# Body part cookies - for the hard core!!!



## The Halloween Lady (Aug 18, 2010)

I saw these body part cookies while browsing ideas online. While I am amazed at the artistry they are probably a little too realistic for me. But since some here might appreciate them I decided to share the link.

http://www.geekologie.com/2012/08/too-far-realistic-severed-toe-w-fungus-c.php


----------



## Copchick (Apr 10, 2012)

Oh man, that is pretty gross. I think the paint job and detailing really takes it into the gross factor! Ewww, but cool!


----------



## scarrycher (May 30, 2012)

WOW, those are nasty looking, would be cool with out the blood I think


----------



## MommaMoose (May 15, 2010)

And here I thought my severed finger pretzels were pretty nasty.

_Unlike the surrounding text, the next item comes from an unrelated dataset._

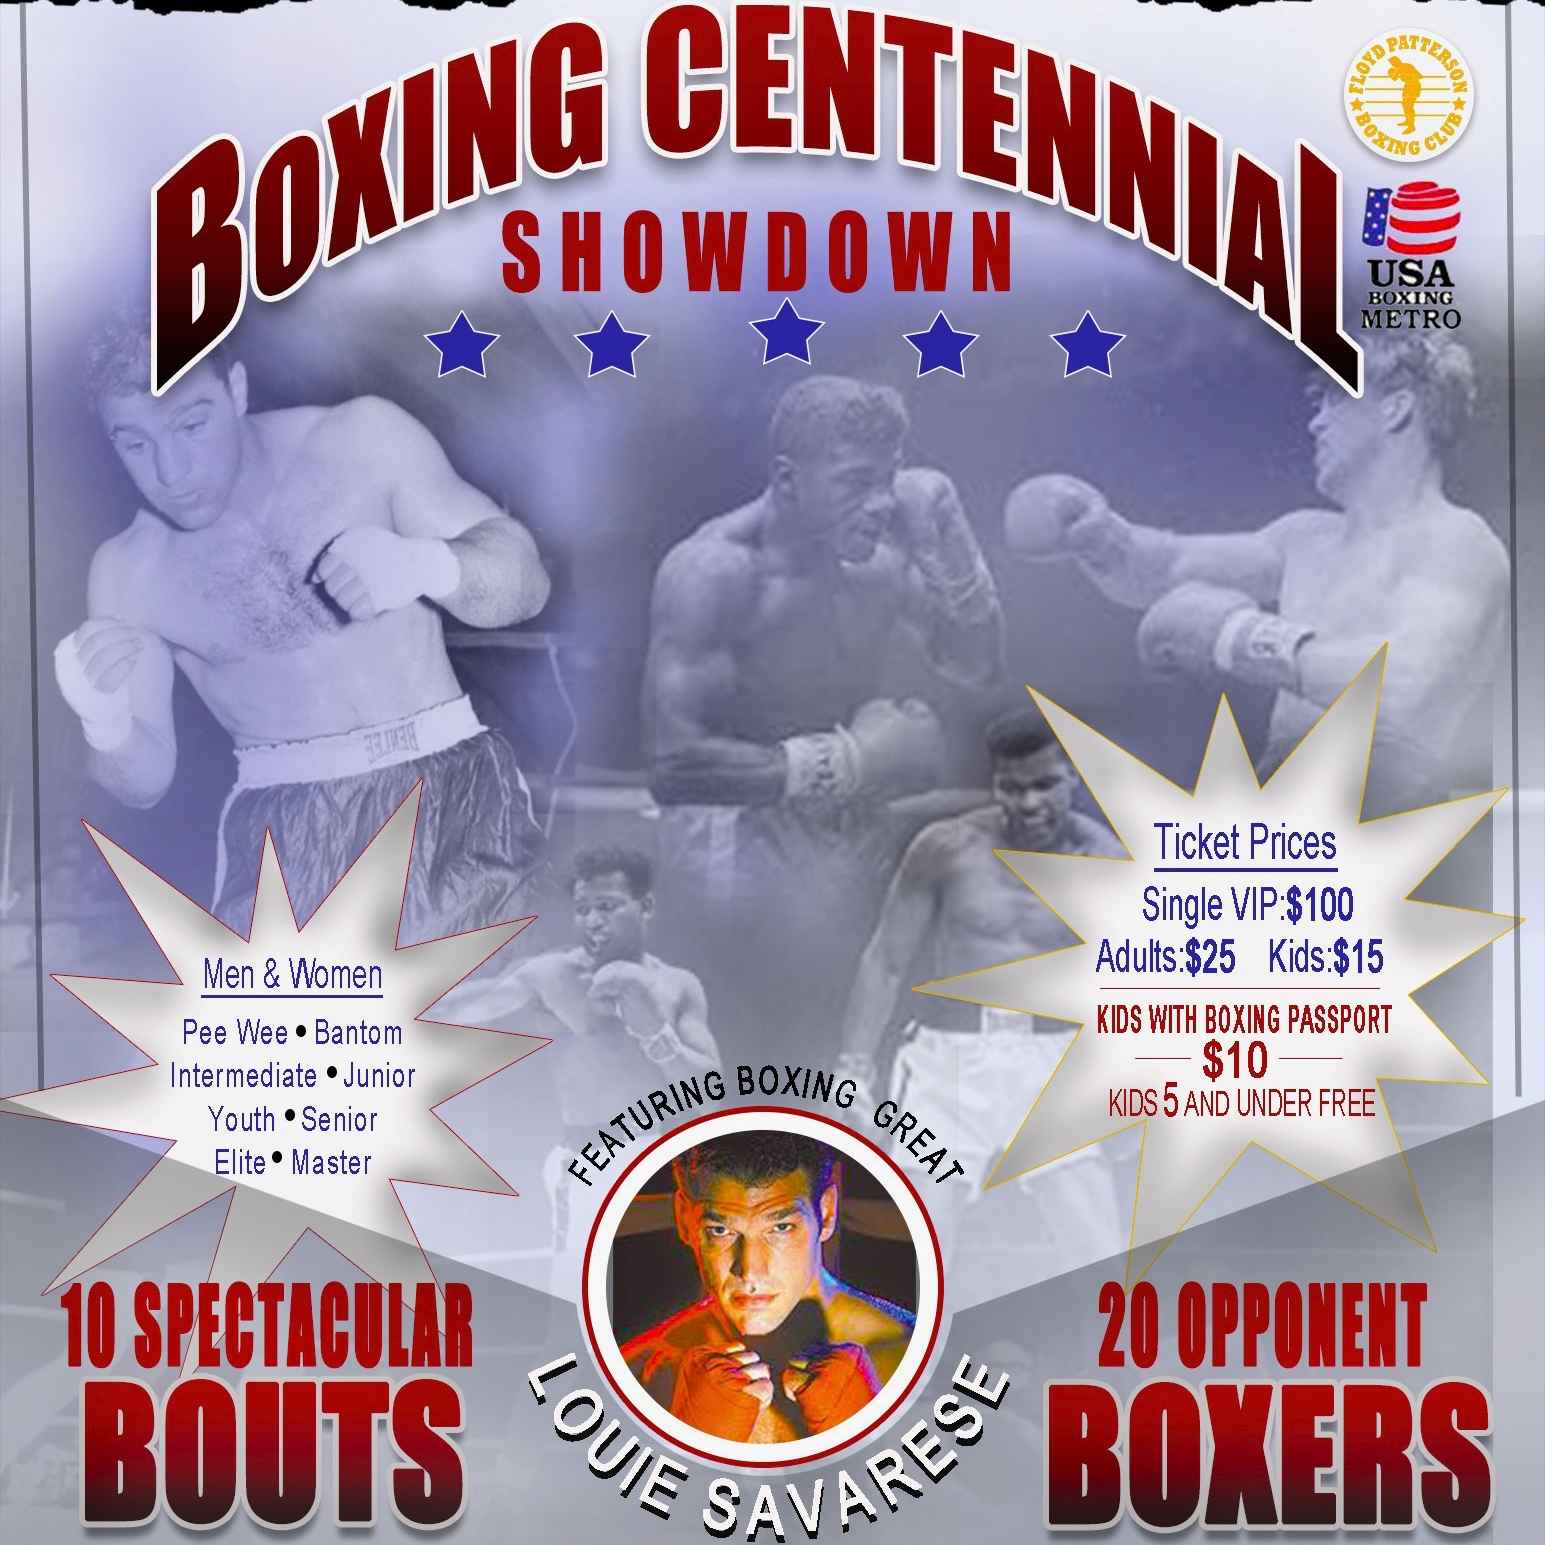 USA Boxing Metro Presents The Boxing Centennial Showdown

Those blow mine out of the water!


----------



## Pumpkin5 (Aug 8, 2010)

:jol:I think they look delicious...but then again.......I will put anything in my mouth....


----------



## The Halloween Lady (Aug 18, 2010)

^ There's no way I'm gonna touch that one!!!


----------



## jaege (Aug 23, 2009)

Who would actually eat them?


----------



## Spooky1 (Aug 25, 2008)

Does eating one of those make you a cannibal?


----------



## Hairazor (Mar 13, 2012)

Such artistry!

MommaMoose your fingers are a delight!


----------



## debbie5 (Mar 2, 2007)

MommaMoose- could you give me a quick rundown on how you made those deliciously gross edibles?


----------



## Headless (Sep 4, 2011)

LOL I LOVE them but I am also wondering if you went to all the trouble of making them WOULD anyone eat them?????


----------



## Lilly (Jun 13, 2006)

those are cool and i like mama's too ..and yeah i know peeps that will eat them ..lol


----------



## Lambchop (Jan 28, 2011)

Love it. I would eat many.


----------



## Dark Angel 27 (Sep 11, 2008)

Pumpkin5 said:


> :jol:I think they look delicious...but then again.......I will put anything in my mouth....





The Halloween Lady said:


> ^ There's no way I'm gonna touch that one!!!


^me either. I'm trying to behave myself! Don't laugh!


----------



## Haunt Maker (Sep 2, 2012)

The fingers look fantastic!


----------